Припоминаю еще одного «ку-ку»-пациента, с которым я столкнулся, когда работал в клинике в Бронксе. Это был шестидесятитрехлетний еврей из Одессы. Когда-то он уехал по контракту сначала в Австрию, потом в Штаты. Одаренный пианист, он одно время входил в состав оркестра Нью-Йоркской филармонии. Имел семью, жил счастливой, обеспеченной жизнью. Еще с юности баловался марихуаной и пробовал кокаин. Неизвестно, в силу каких причин, – наследственность, наркотики, или и то, и другое, – к пятидесяти годам у него развилась шизофрения, причем в такой быстрой прогрессии, что в пятьдесят три он с острым психозом в первый раз попал в сумасшедший дом.
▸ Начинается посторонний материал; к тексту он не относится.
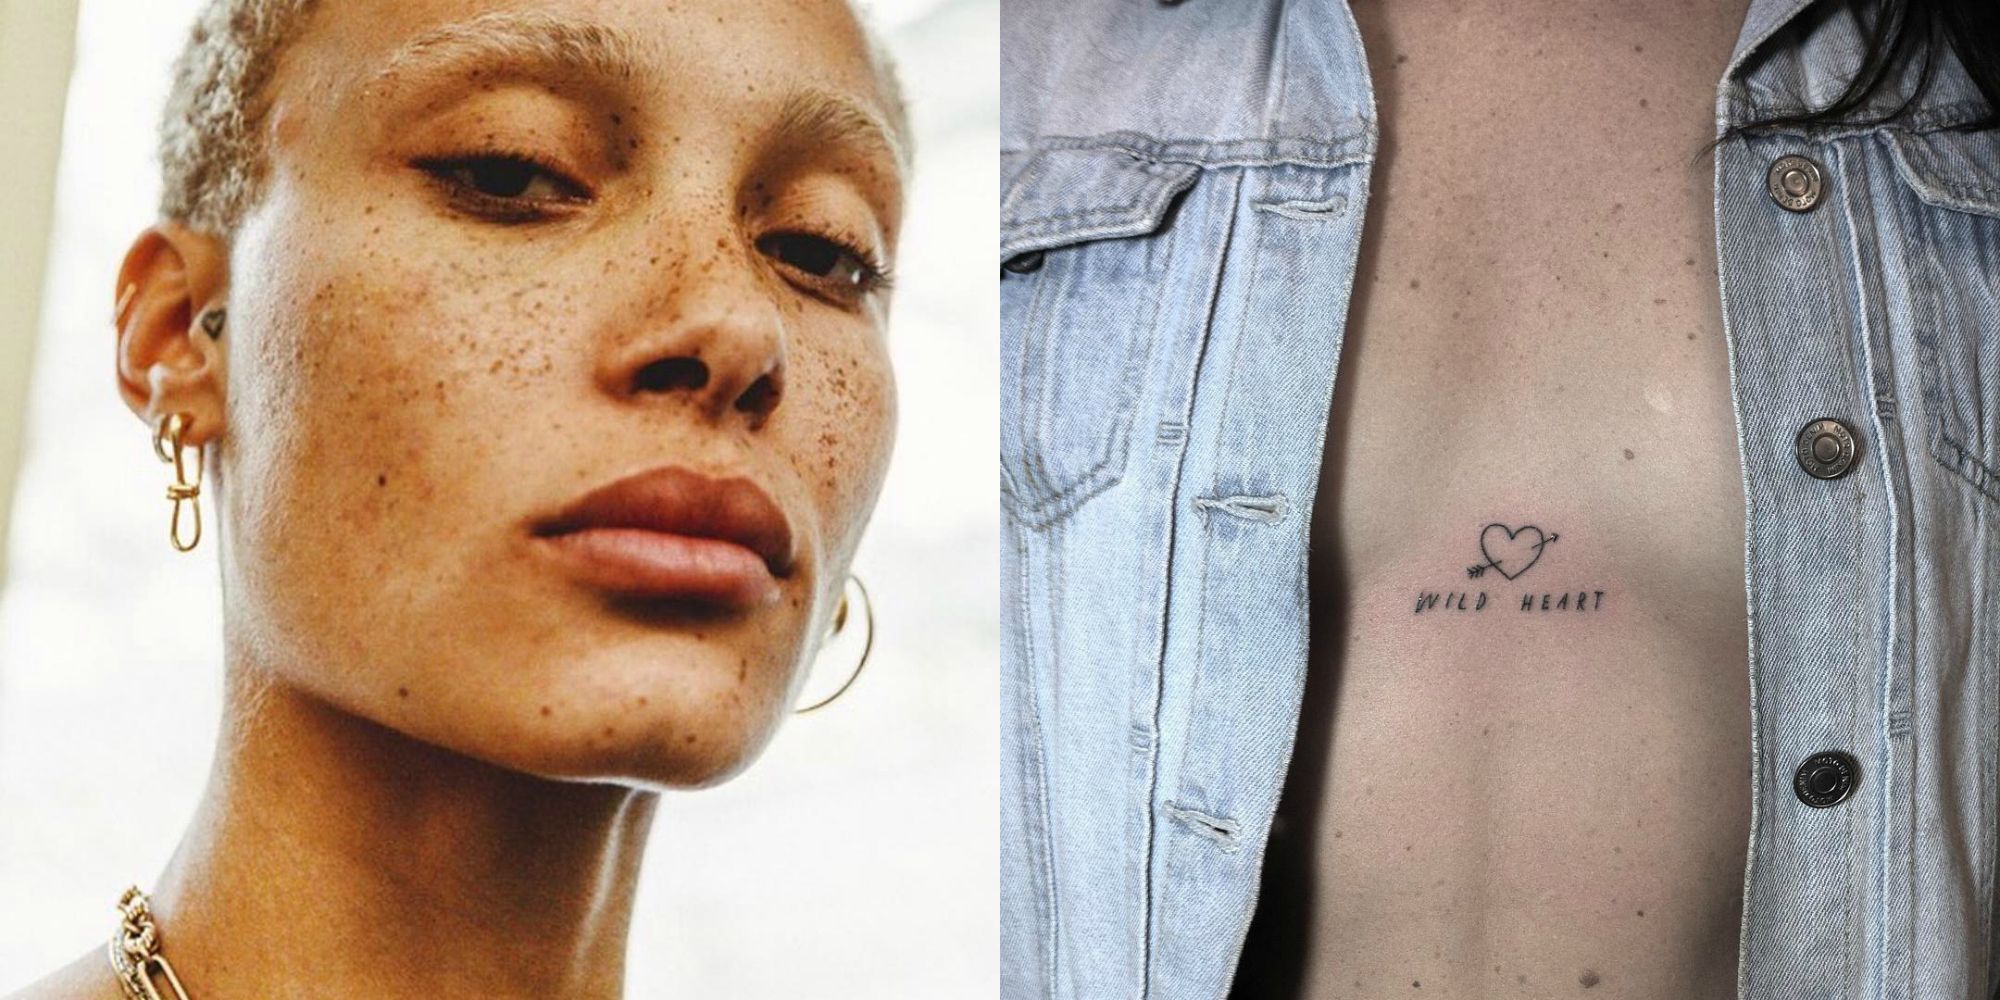 11 Heart Tattoos That'll Bring Out Your Inner Romantic

В нашу клинику он пришел уже хроником, с историей многих госпитализаций, арестов и принудительных лечений. Нечесаный, небритый, от его одежды исходил очень дурной запах. У него были галлюцинации – он слышал голоса. Он был уверен, что врачи, полиция, соседи в доме – все против него. Но почему-то со мной он был откровенен, сквозь его бред, страхи и галлюцинации порой прорывался человеческий голос:

– Я умер тогда, когда перестал чувствовать музыку. Понимаешь, Герман… – он устремлял на меня свои большие, навыкате глаза. – Я мог еще играть, играть Шопена и Баха, мог играть и по нотам, и по памяти: «Ти-ра-ла-ла», – он перебирал в воздухе своими пальцами с грязными ногтями. – Но я уже не чувствовал. Я нажимал клавиши, слышал мелодию, но не чувствовал музыку. Я стал больше курить траву и чаще нюхать кокаин, надеялся таким способом вернуть свои угасающие чувства. Поначалу это помогало, но потом от травы и кокса становилось еще хуже. Я начал слышать непонятные голоса. Страшная болезнь… – он сильно, словно желая причинить себе боль, чесал свои курчавые слипшиеся волосы, и на его глазах выступали слезы. – И с женщинами тогда у меня началось то же самое – я перестал чувствовать женщин. Я занимался сексом с женой, совершенно не чувствуя ее. Да, член стоял, все было, как обычно, но я ничего не чувствовал. Я становился мертвым. Жена поэтому и ушла, предварительно обчистив меня до цента…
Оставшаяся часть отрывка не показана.